Articles

Back

Entitlement and Laziness Have No Place in Advertising

Rod Stuckey | 11/01/2015

Have you ever heard the old anecdote about a father trying to read the Sunday newspaper, but is constantly being distracted and pestered by his young son?  The dad tears a map into small pieces and offers the son an ice cream if he can piece the map back together. He figures he’s bought himself a good 2 hours or so.  The kid’s back in 10 minutes. “How’d you do that?” the puzzled dad asks. “There’s a big photo of a man on the other side,” his son replies.  “I used it, and it was easy. When I got the man right, the whole world was right, too.”  That’s pretty wise, and in a way, your dealership is like that. When you get yourself right, it can make your entire dealership a more enjoyable and profitable operation. 


Of course, that’s easier said than done. To be an effective D.P. or G.M. you must be an expert in Sales, F&I, P&A, and Service as well as Human Resources and Accounting. It’s almost as if you’re running 4 separate businesses under one roof, and it takes years of experience, quality work habits, and a high level of ability to become a proficient and successful operator. But wait, that’s not all… the nation’s highest performing operators have mastered another super important skill, and that is the ability to make it rain customers. Yes, I’m talking about marketing. 

If you don’t have an effective marketing plan in place, then your customer list is likely getting colder and colder and smaller and smaller without you even realizing its happening. 

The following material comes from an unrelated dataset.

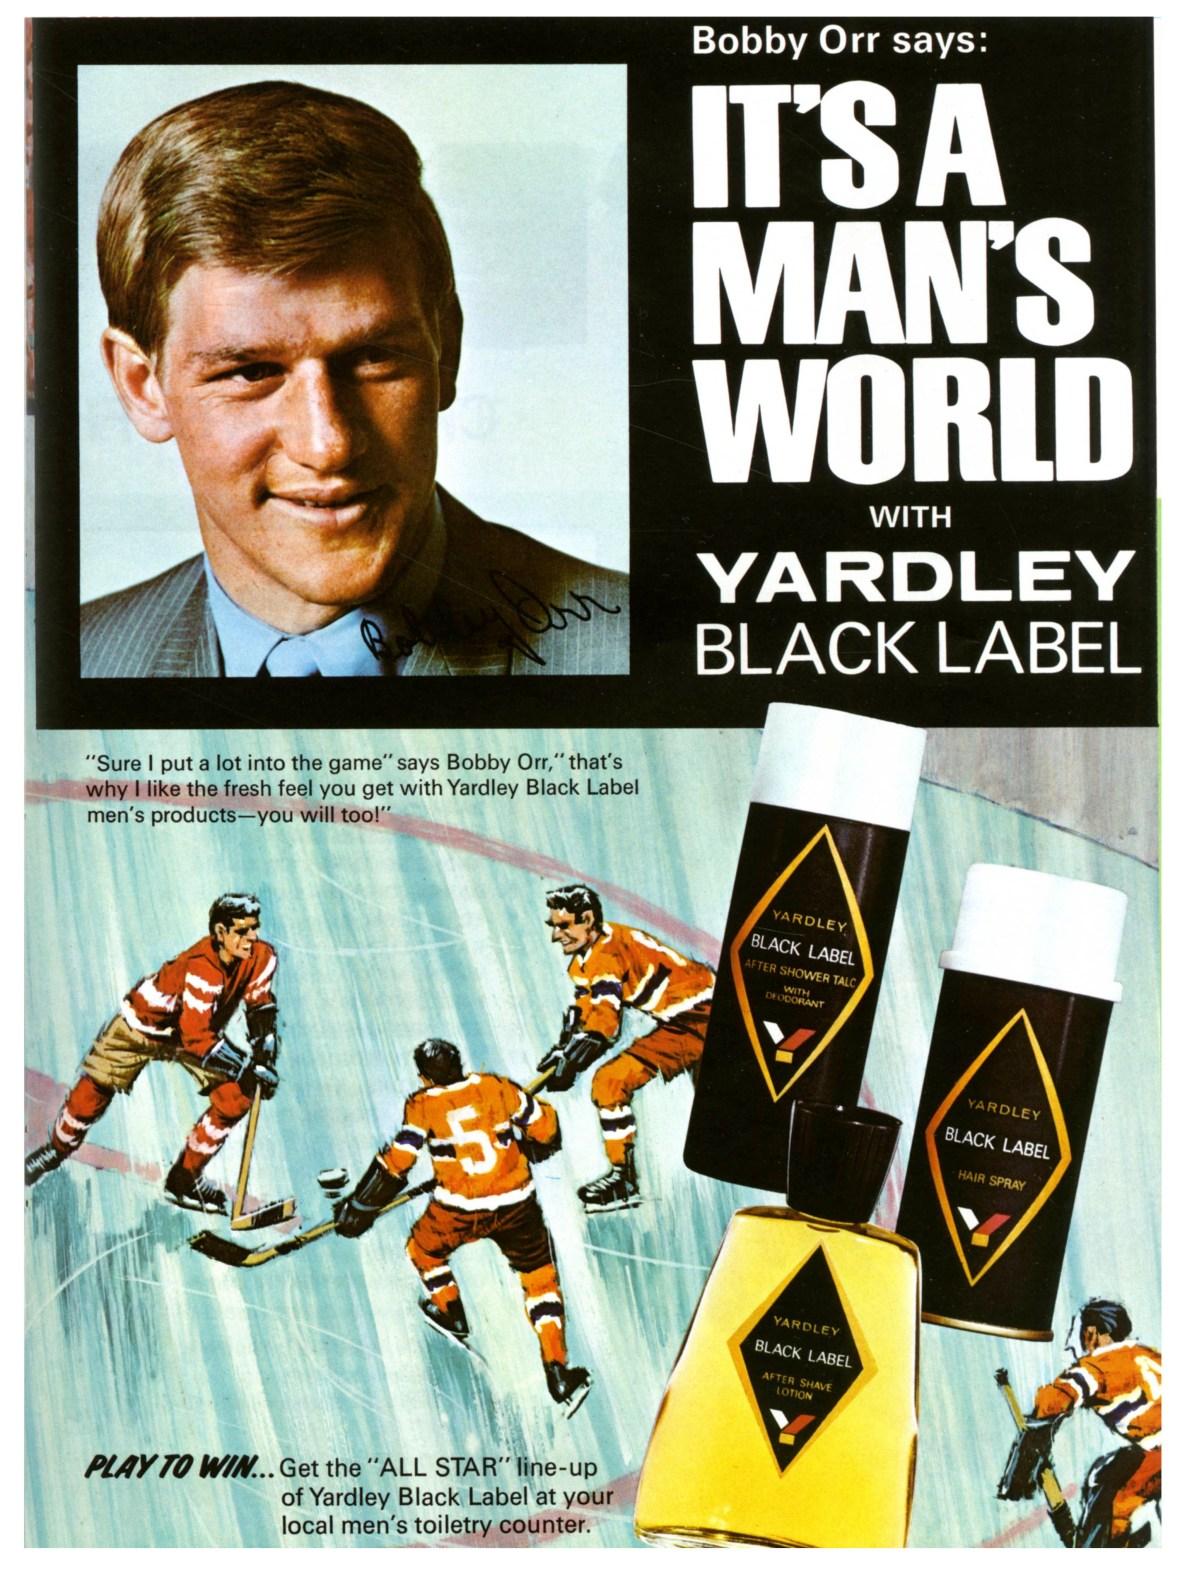 Yardley Black Label featuring Bobby Orr - 1970

Here’s why you lose customers:

•    1% Die
•    3% Move Away
•    5% Influenced by Friends or Family
•    9% Lured by Competitors
•    14% Bad Experience
•    68% Indifference

 

All too often dealers forget they aren’t entitled to customers just because they’re either located within their OEM assigned territory, or because they are past and present customers. It is your responsibility to stay in touch with your customers, not the other way around.  You can’t control who dies or moves away, but you can heavily influence the other 96% of your potential lost customers before it’s too late. If you’re not regularly marketing to the riders in your buying base, they will eventually get a feeling of apathy, as if you don’t care about them and ultimately drift off. 

 

Personally, I put great effort into advertising for this company, as well as for our dealer clients. It’s not easy, it’s not always fun and new, and it often turns into a grind. In fact, I have a quick 30 minute meeting two days a week with my leadership team where we cover our non-negotiables. Most of this meeting is dominated by deadline driven deliverables related to our outbound marketing efforts. I put this system in place years ago, because I had identified that when the swirl hit (and it always does) marketing was the area that would be conveniently set aside. 

 

There was even a time when I was young and naïve that I briefly thought advertising was a wildly creative exercise done by the lazy who weren’t willing to do real work. I found out the hard way (and the expensive way) that creating a one-off fancy branding campaign was about as effective at generating business as trying to change a tire with a set of nunchucks.

 

Eventually, I learned from my mistakes and became a true student of the advertising and marketing world. I discovered that there seemed to be 2 very different religions in advertising. Direct Response marketers and Branding marketers. The direct response camp is all about creating a compelling offer with a call to action and a deadline, and having the ability to measure results and ROI. The branding folks will tell you the purpose of your advertising is to get your name out there and create top of mind awareness.

 

That’s when I stumbled onto a book called ‘Ogilvy on Advertising’ by legendary marketer, the late David Ogilvy, who was widely hailed as, “The Father of Advertising.”  Quite the character, Ogilvy created one of the biggest ad agencies of all time. Here’s what he had to say about the two different camps:

 

“There is a yawning chasm between you Generalists and we Directs. We Directs belong to a different world. Your gods are not our gods. You pride yourselves on being creative - whatever that awful word means. You cultivate the mystique of “creativity.” Some of you are pretentious poseurs. We humble people who work in direct do not regard advertising as an art form. Our clients don’t give a damn whether we win awards at Cannes. They pay us to sell their products. Nothing else. We sell -- or else.”

 

That resonated well with me, and the more I studied and tested direct marketing compared to branded marketing, the bigger believer I became. When executing direct marketing the proper way, branding is always a happy byproduct anyway. 

 

As mentioned, getting the man right is not easy, but pnce you do, the rest of the world falls into place. So, choose your religion carefully.